Azerbaijan denies the Armenian account of this week’s events, including reports that it fired upon vehicles belonging to Russia’s FSB security services stationed inside Armenia.
Instead, Azerbaijan claims its neighbor started the conflict by shelling military targets within its own district of Kalbacar.
“Our units are taking the necessary response measures,” Azerbaijan’s defense ministry said, according to Reuters.
The fighting is the deadliest to break out between the two neighbors in two years.
International leaders are intensifying diplomatic efforts to prevent it from escalating into an even deadlier war, as has happened with previous skirmishes in the past.
Greece calls for de-escalation, Turkey sides with Azerbaijan
Greece, a traditional friend of Armenia, has called for an immediate de-escalation of the conflict.
“We express our deep concern over the recent hostilities at the Armenian-Azeri border, which resulted in the death of several people,” a statement by the Foreign Ministry reads. “We call for an immediate de-escalation and reiterate Greece’s position that the sovereignty and territorial integrity of all states should be upheld.”
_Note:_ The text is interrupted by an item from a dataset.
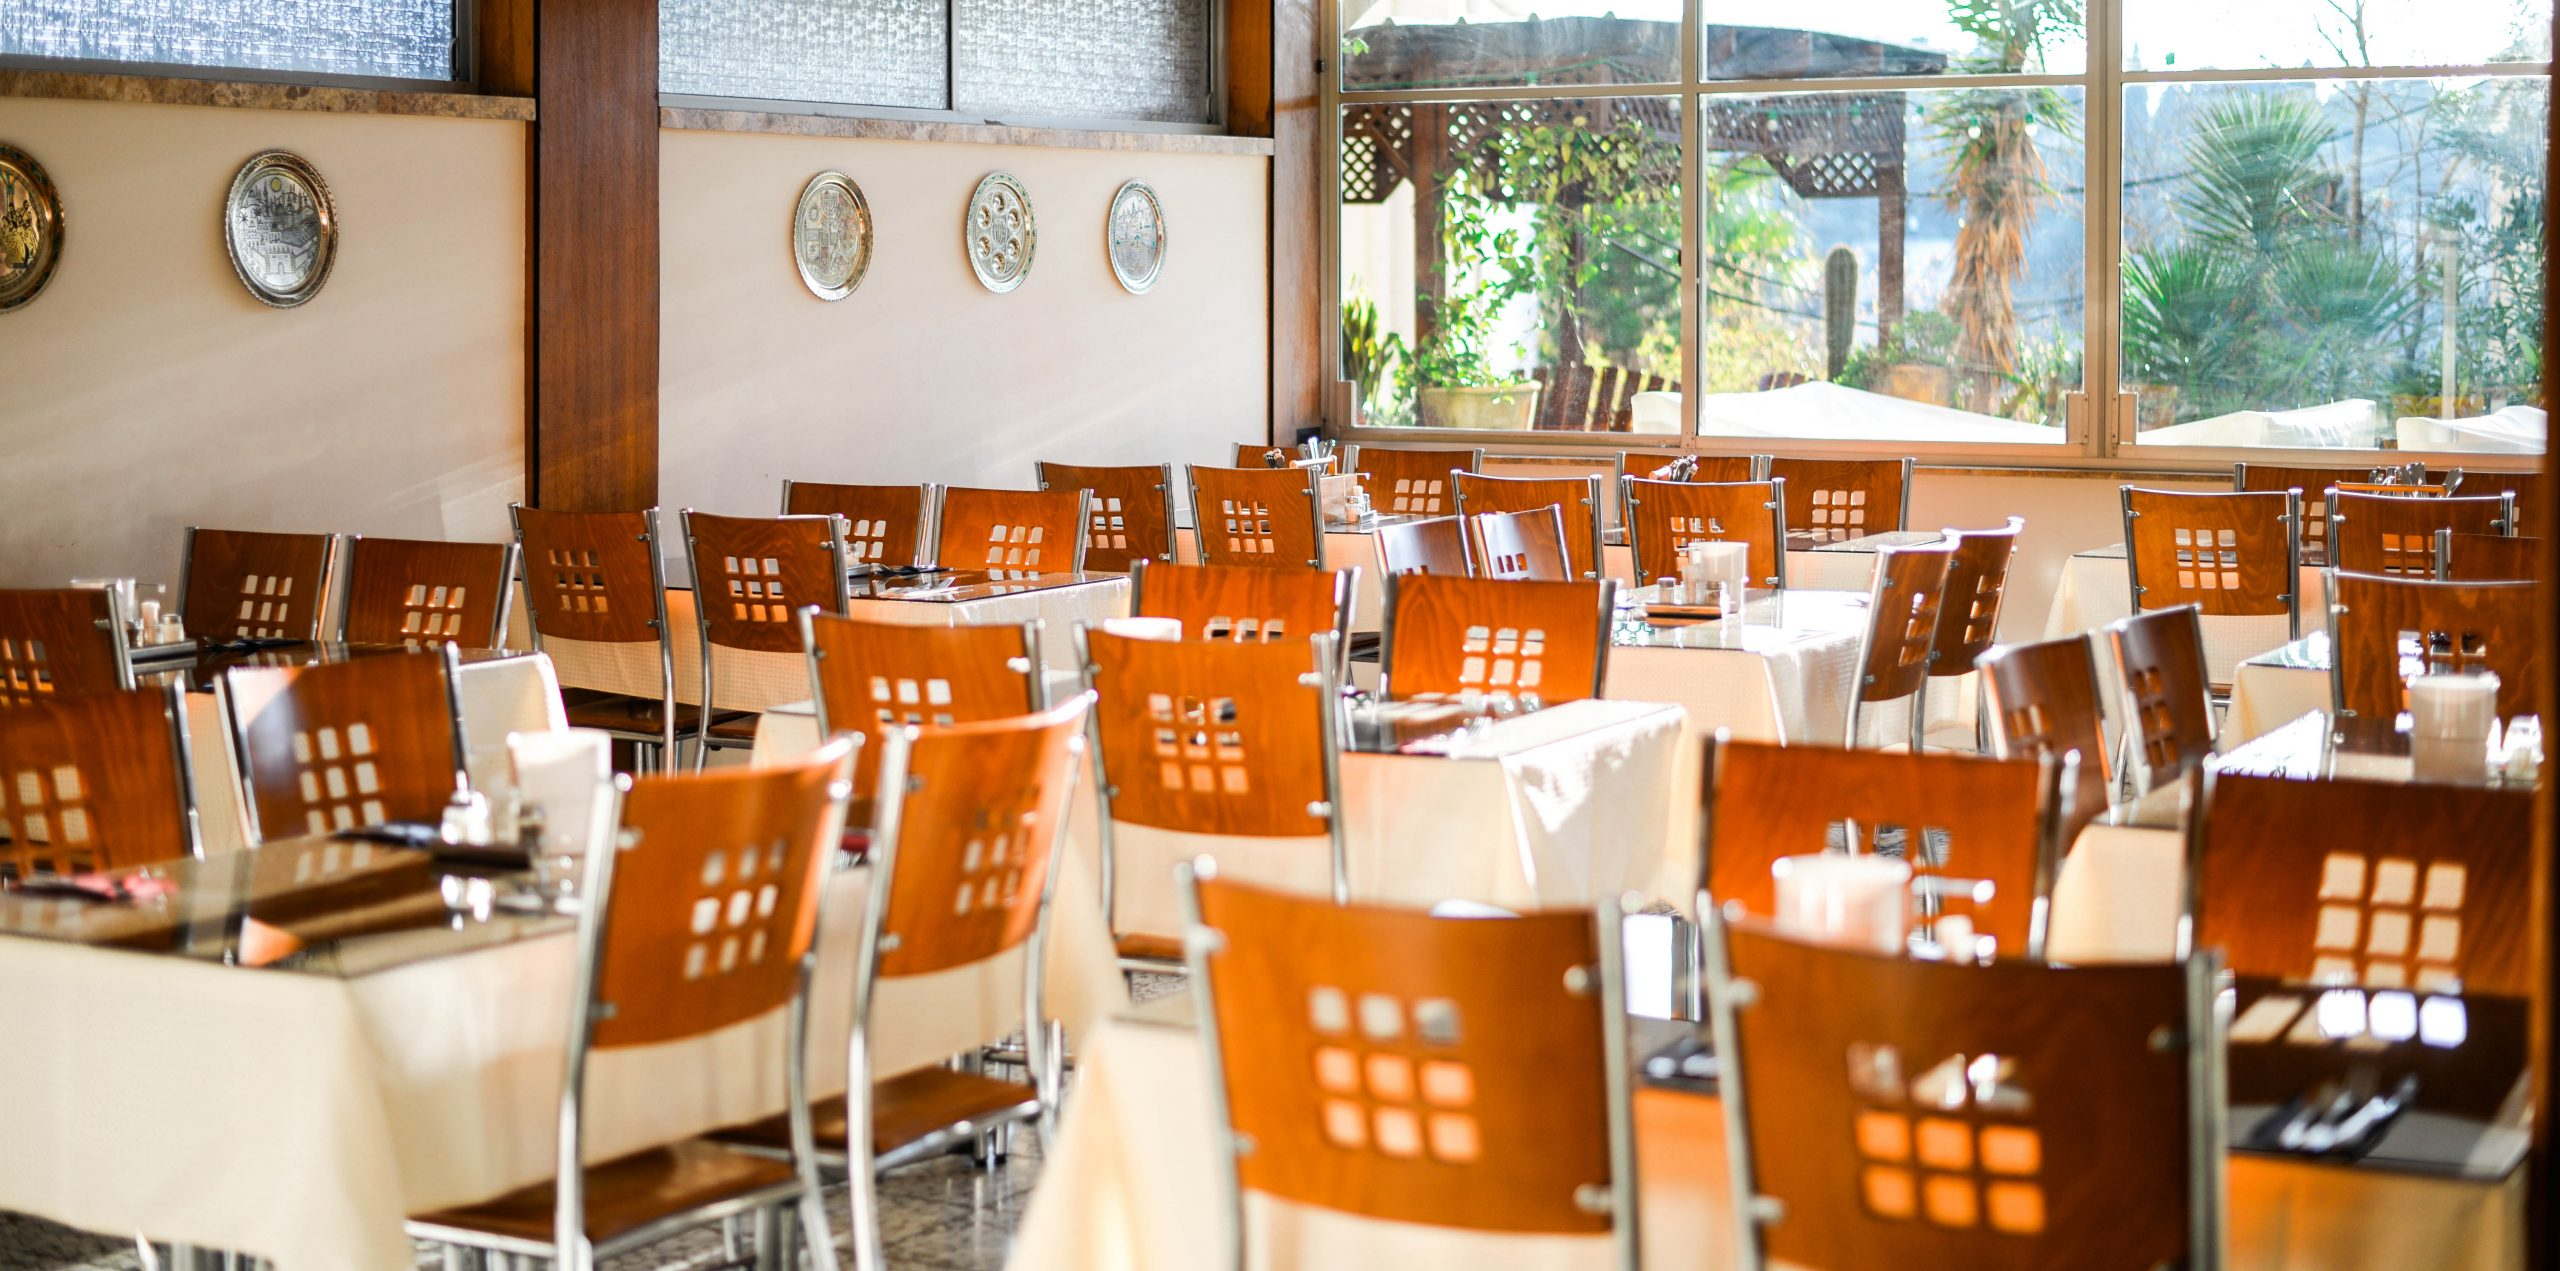 Beth-Shalom-Hotel-Haifa-bread-1-6 2

Many Greek social media users condemned what they describe as the “sitting on the fence” approach by Athens.
They point out that the press release by the Foreign Ministry has failed to express explicit support for the Armenian people with whom Greeks have had very close, historical ties over many centuries.
Congressman Gus Bilirakis called on the US to cut Azerbaijan off from American aid.
Armenia’s recent violations of the 2020 peace deal resulting in new border tensions with Azerbaijan are “unacceptable,” the Turkish President said Wednesday, reiterating Ankara’s support for Azerbaijan.
Speaking in Ankara, Recep Tayyip Erdogan called on Armenia to step back and warned that Yerevan will “face the consequences for its aggressive attitude.”